Project 1 → Hortus Siccus
BRIEF
ISTD, Not Just Fleurons: consider plants in their broadest sense to develop an eye-catching, informative outcome that celebrates plants and the concept of the garden.
CONCEPT
A Herbarium is a collection of pressed, dried plants. Hortus Siccus is the Latin name, translating to dry garden. My outcome approaches the theme of gardens through this unconventional lens, focussing on the Herbarium at Kew Gardens. Through an interview with Kew taxonomist and researcher, Dr. David Goyder, Hortus Siccus explores Kew’s Herbarium from its complex past to its current research, and the way it hopes to navigate the future.
SOLUTION
The publication’s format mimics a plant press, which are used to dry specimens. Kew has a high volume of type specimens, which are the original record and formal description of any species of plant. Playing on this link between the language of botany and typography, I created a series of type specimens: plants from the Herbarium brought to life with words.
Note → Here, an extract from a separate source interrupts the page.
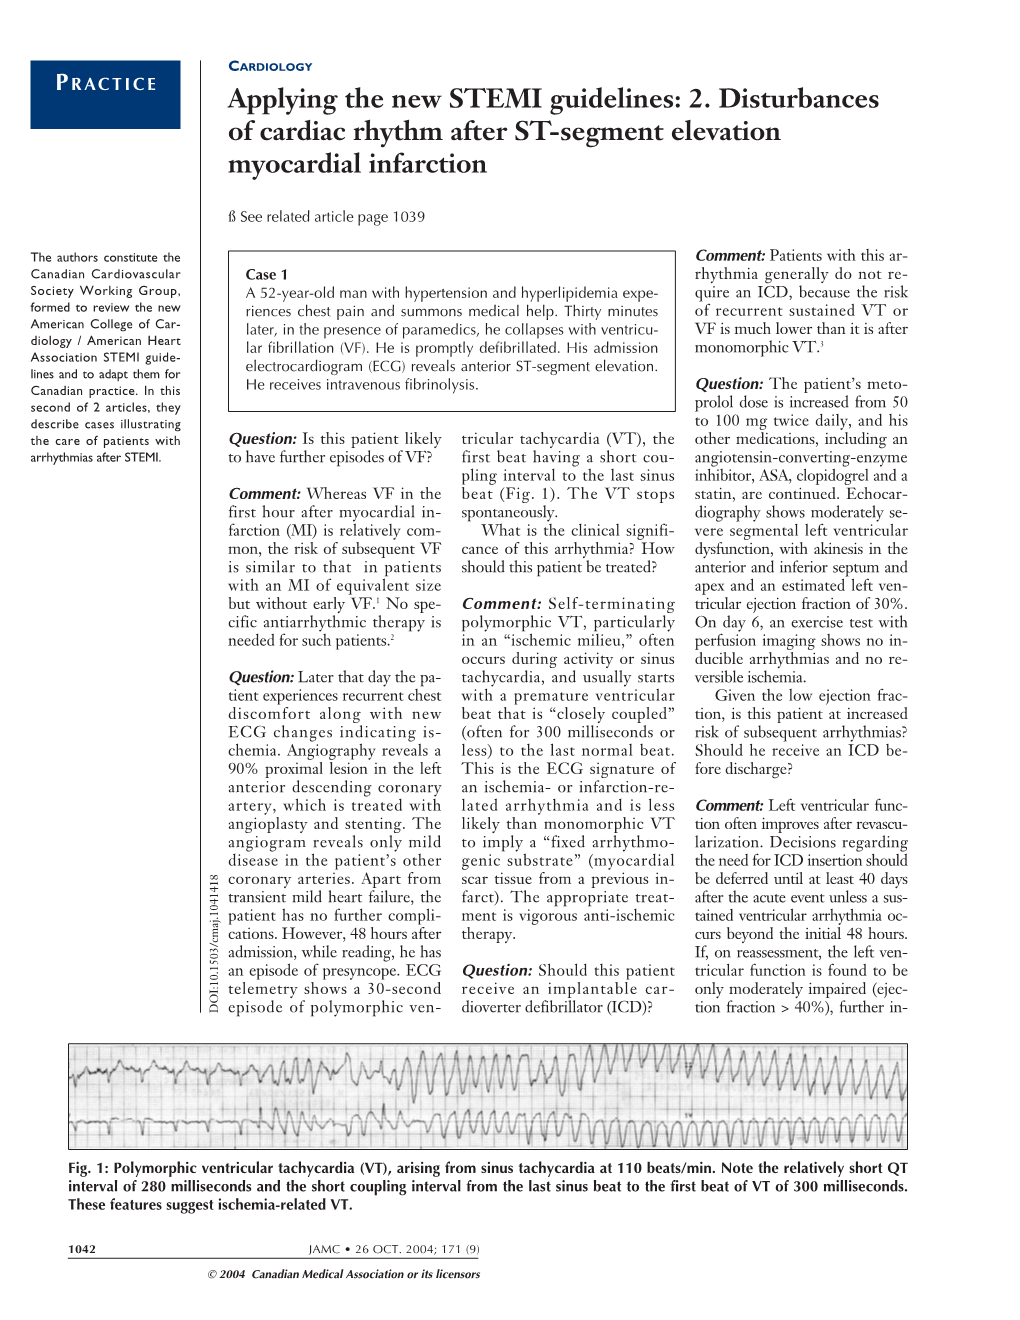 2. Disturbances of Cardiac Rhythm After ST-Segment Elevation Myocardial Infarction

They represent the wildness of plants; lines of text intertwine and bend, traversing the grid without restriction. Following each type specimen, the same interview text is then set legibly. These neat, angular layouts create order which reflects the rigidity and hierarchy of plant taxonomy.
A small green booklet sits wihtin the main pages, symbolising a verdant plant at the beginning of the drying process, before losing its colour. This booklet provides a taxonomic breakdown of each of the specimens illustrated in the main publication.